RFR: 8315923: pretouch_memory by atomic-add-0 fragments huge pages unexpectedly [v17]

Wed Jan 10 02:10:33 UTC 2024

On Tue, 9 Jan 2024 10:26:19 GMT, Patrick Zhang <qpzhang at openjdk.org> wrote:

>> [Sorry, I lost track of this and didn't respond to the earlier comment from
>> @jdksjolen.]
>> 
>> Yes, that's correct.  The reason for adding the safe for concurrent use
>> pretouch mechanism was https://bugs.openjdk.org/browse/JDK-8260332.
>> 
>> The idea is that presently, when a thread needs to expand the oldgen, it
>> pretouches while holding the expansion lock.  Any other threads that also need
>> need the oldgen to be expanded have to wait until the holder of that lock
>> completes.  Most of the work involved in expansion is quick and short, but not
>> so much for pretouching.  So it was found that we're sometimes blocking a
>> bunch of threads for a long-ish time.
>> 
>> The original proposal there was to allow the otherwise waiting threads to
>> cooperate in the pretouch.  But the protocol involved was complicated and
>> messy.  A simpler approach was suggested; allow other threads to use the newly
>> expanded memory concurrently with the expanding thread doing the pretouch.
>> There's obviously some racing there, with the using threads possibly touching
>> pages before the pretouching reaches them, but the thinking is that the
>> pretouched wave-front will likely surge ahead of the using threads.  And if
>> not, then the using threads are effectively cooperating in the "pretouch".
>> 
>> That approach needed https://bugs.openjdk.org/browse/JDK-8272807 as a building
>> block.
>> 
>> But I discovered there were a bunch of places with similar problems,
>> suggesting the need for some more general mechanism. I did a bit of
>> prototyping in that direction, but got distracted by other work and haven't
>> gotten back to it. (The idea is to record needed pretouching, deferring it up
>> the call chain, to a point where other threads are not being blocked waiting
>> for the expansion operation. A complicating factor is that some of those
>> places may have multiple distinct memory ranges being allocated and needing
>> pretouch, all within the same expansion operation.)
>> 
>> But that approach may interact poorly with the madvise approach. It might be
>> that the madvise _should_ be done down inside the expansion operation where
>> the pretouches currently happen, rather than being deferred up the call chain
>> and permitting the madvise to be concurrent with using threads that might
>> introduce the same "shredding" problem the madvise is attempting to fix.
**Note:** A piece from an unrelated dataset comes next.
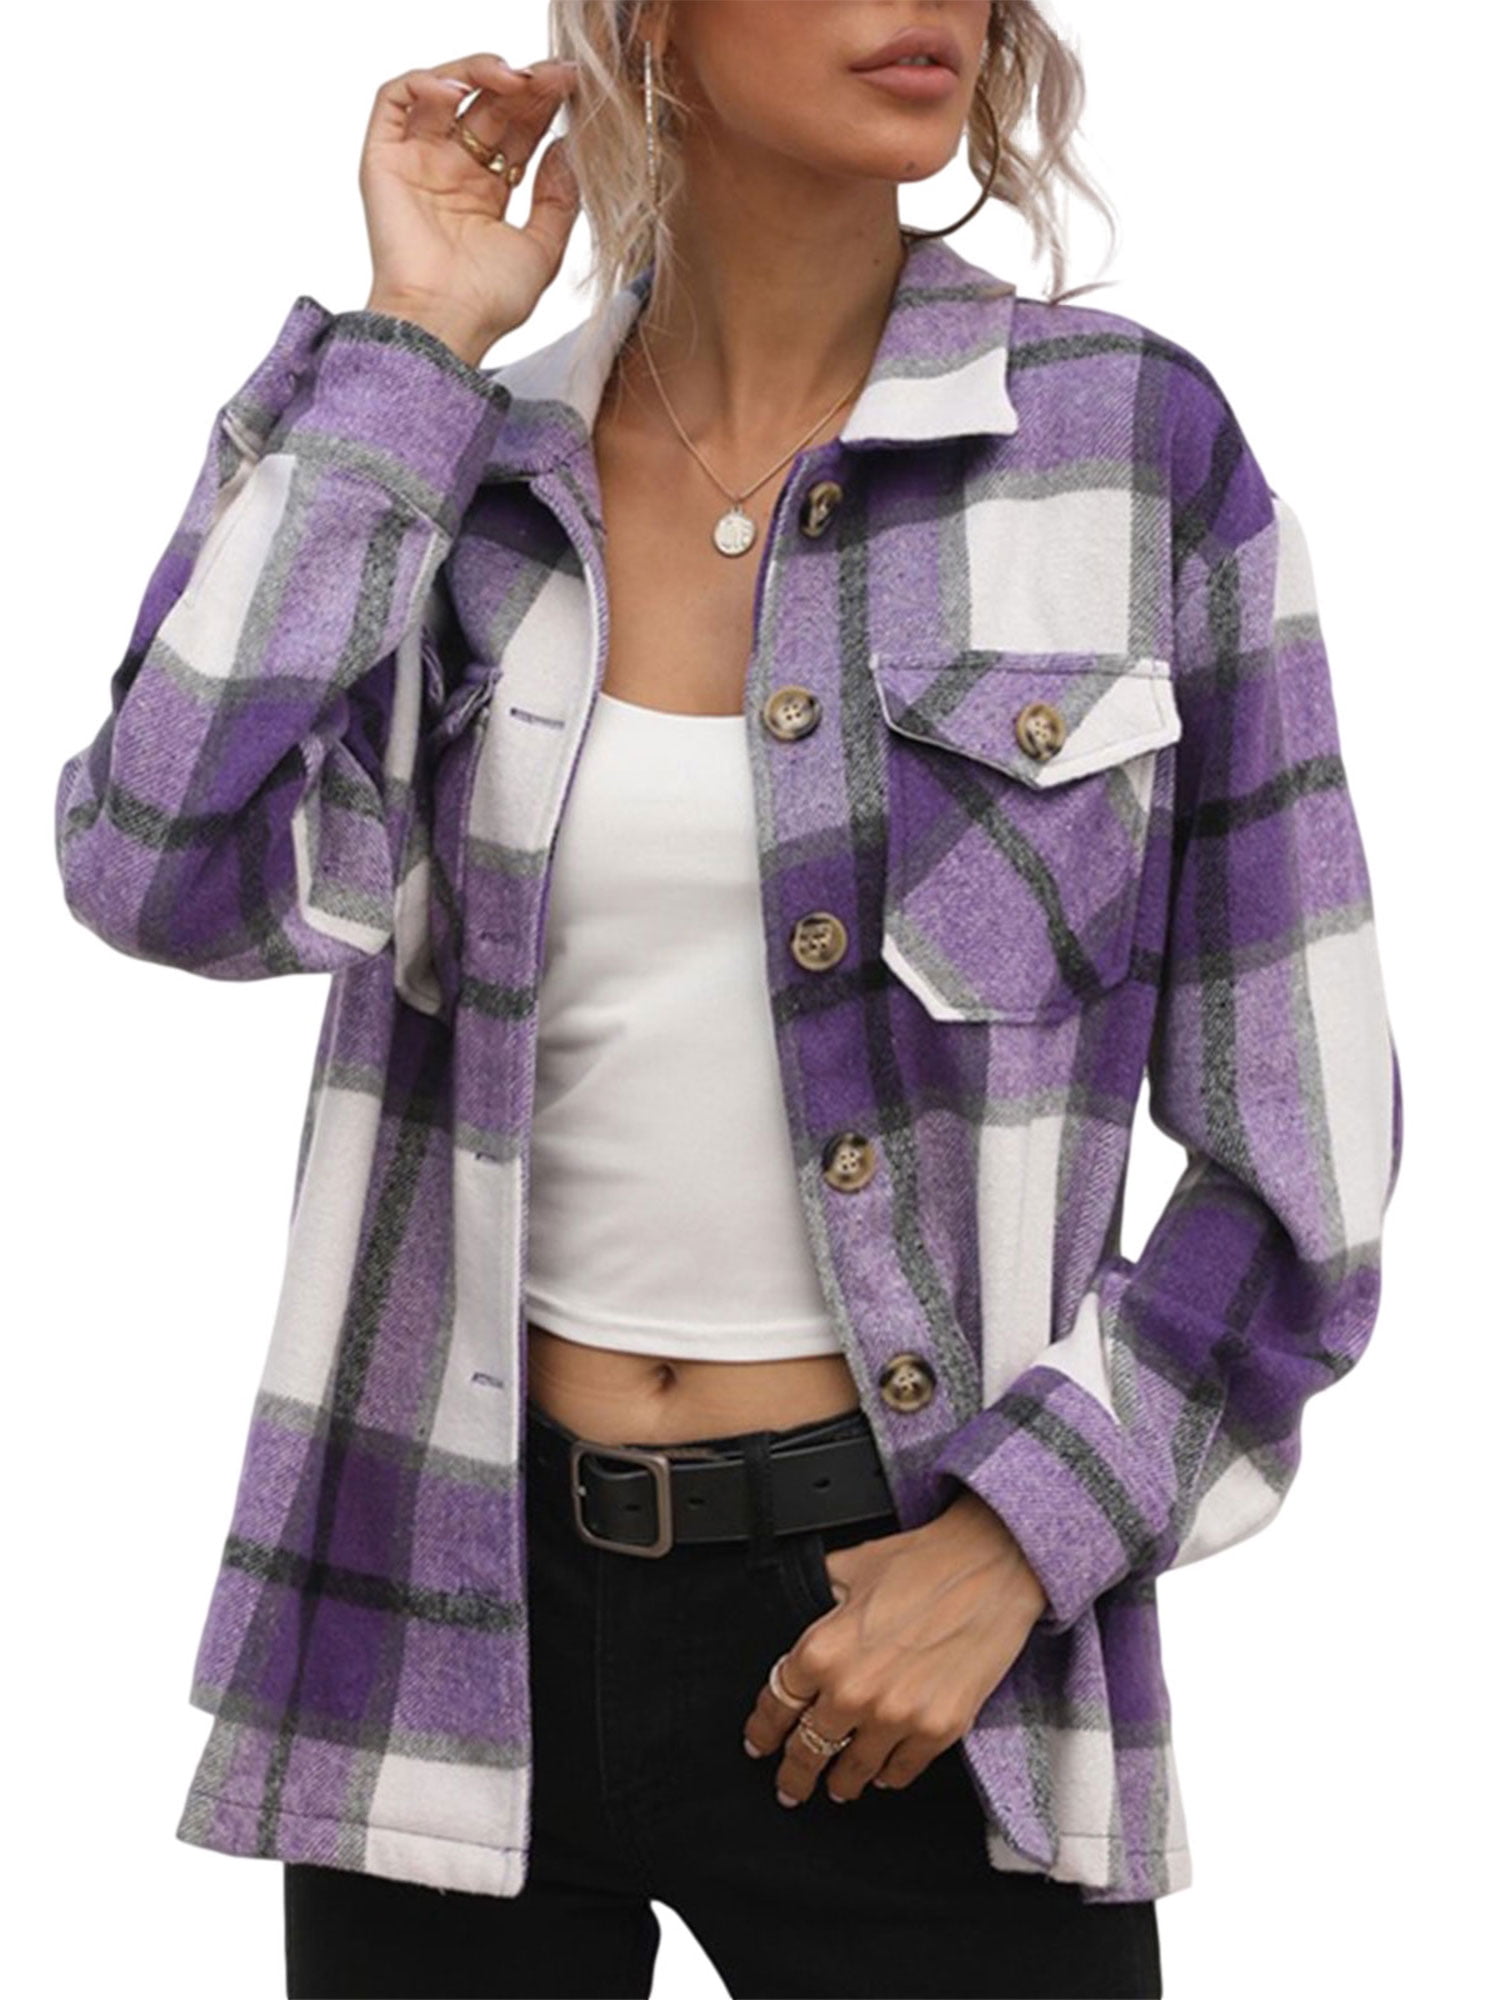 Fankle Womens Casual Vintage Plaid Lapel Button Up Pocketed Shacket Long Sleeve Jacket Coat Color Block Cardigan 
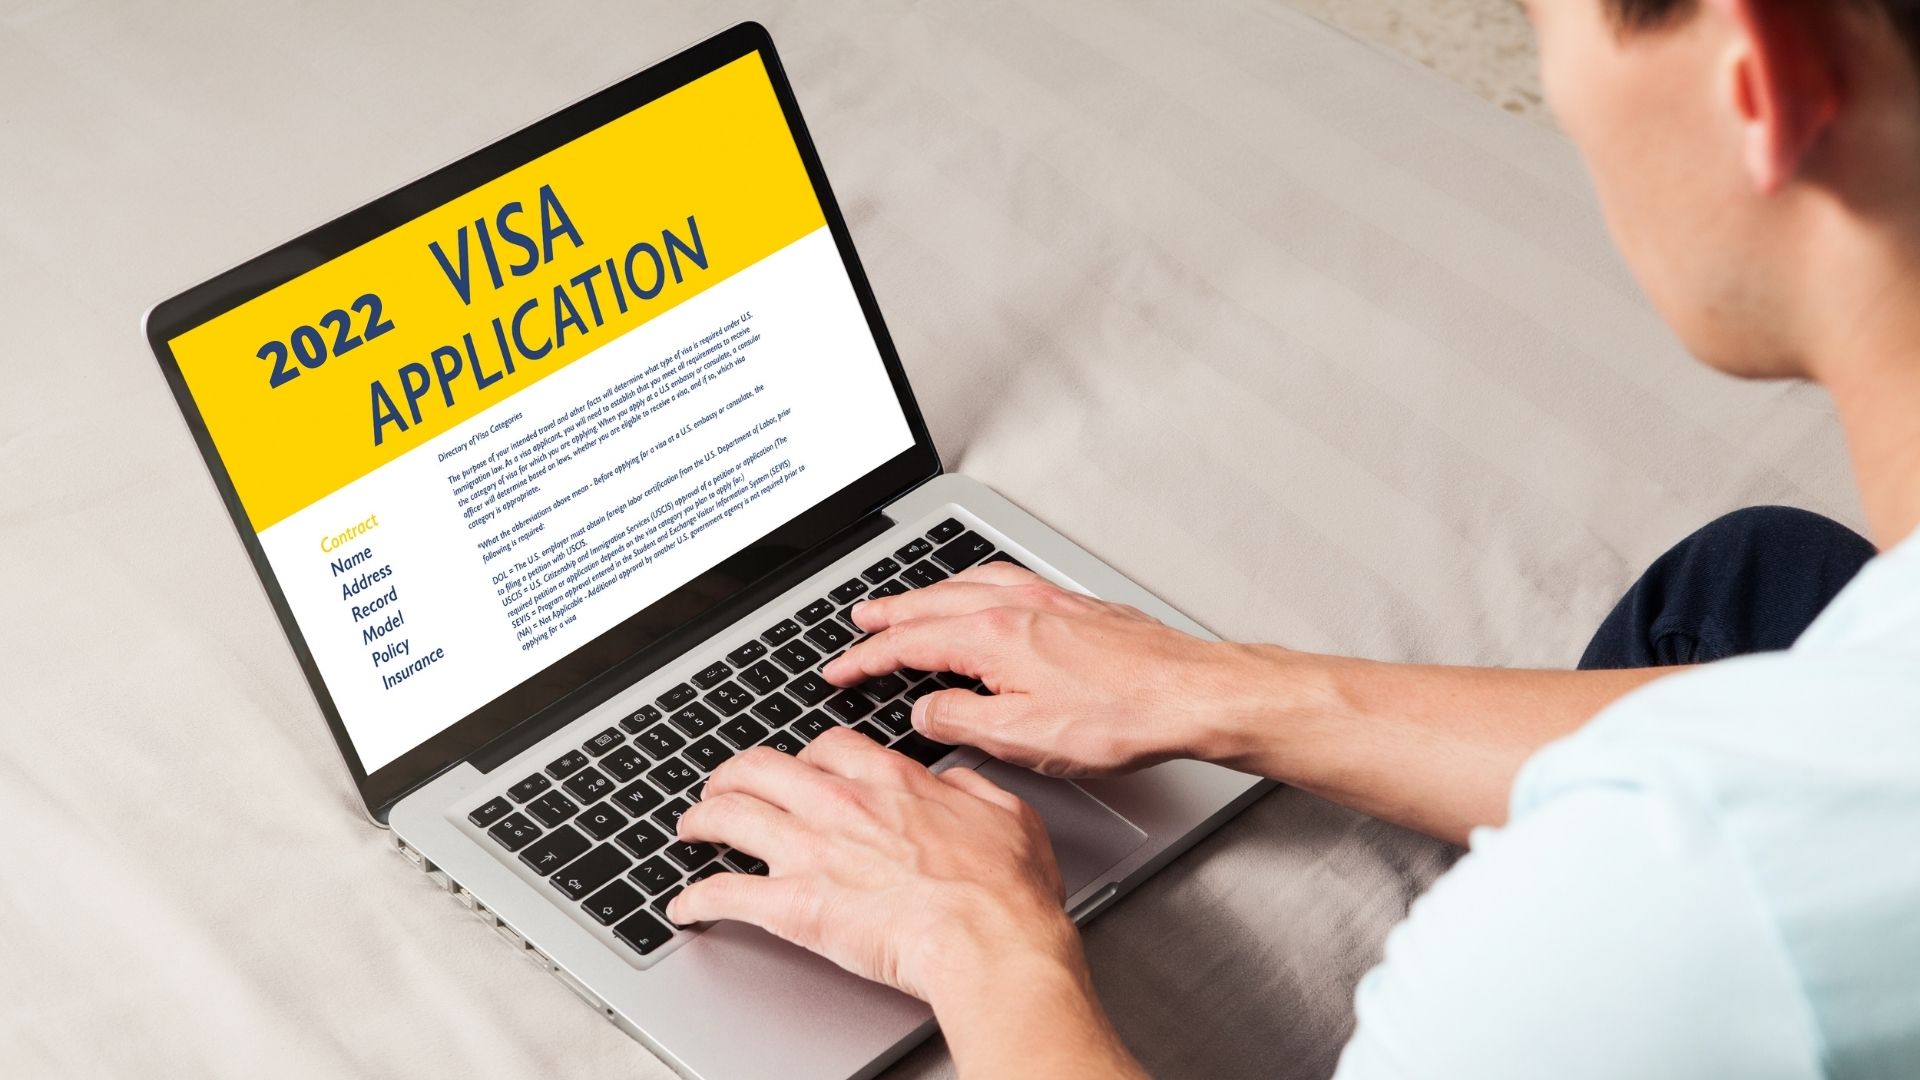 Did you know that you could get an E-2 Visa to reauthorize your EB-5? Find out more options on this article!

That
>> would be yet another complicating factor that my prototyping didn't address at
>> all.
>
> @limingliu-ampere 's original test was with JVM flags like: `-Xmx24g -Xms24g -Xmn22g -XX:+UseParallelGC -XX:+AlwaysPreTouch -XX:+TransparentHugePages -XX:-UseAdaptiveSizePolicy` etc. Having `-XX:-UseAdaptiveSizePolicy` ensures that `heap->resize_old_gen(size_policy->calculated_old_free_size_in_bytes());` inside `PSParallelCompact::invoke_no_policy` will not be called in this test (see [psParallelCompact.cpp#L1855](https://github.com/openjdk/jdk/blob/master/src/hotspot/share/gc/parallel/psParallelCompact.cpp#L1855)), then it would **not** run into the concern of allocate/expand/pretouch cooperating case on the oldgen, mentioned above by @kimbarrett. 
> 
> With regards to `that approach may interact poorly with the madvise approach`, all pretouching triggered by `PSOldGen::expand(size_t bytes)` are currently wrapped by `MutexLocker x(PSOldGenExpand_lock)`. From this viewpoint, the _madvise_ approach does the pretouching work at the same situation as the original _atomic-add-0_ approach. The proposed patch does not make the potential "shredding" problem on the expansion of oldgen worse. Furthermore, back to the table @limingliu-ampere attached at the initial part of this PR, on Kernel 6.1, with `-XX:+TransparentHugePages`, the _madvise_ approach speeds up the pretouching operation from  _atomic-add-0_'s **3.54s** to **0.33s**, which can be an obvious optimization in a manner.
> 
> The initial purpose of this patch was to solve an outstanding performance issue on some commercial benchmarks, especially when running with huge heaps, for example, `-Xms200g`, or `-Xms400g`, together with `-XX:+UseParallelGC -XX:+AlwaysPreTouch -XX:+TransparentHugePages -XX:-UseAdaptiveSizePolicy`. The performance regression got well resolved by the patch, and the improvement vs baseline was up to 30%.
> 
> All in all, I think this 4-month-old PR is a positive change, and solved a practical performance problem effectively. 
> 
> @limingliu-ampere will soon have a update to answer @jdksjolen 's question: `2 threads, where one thread is running os::pretouch_memory and another using the memory for something`.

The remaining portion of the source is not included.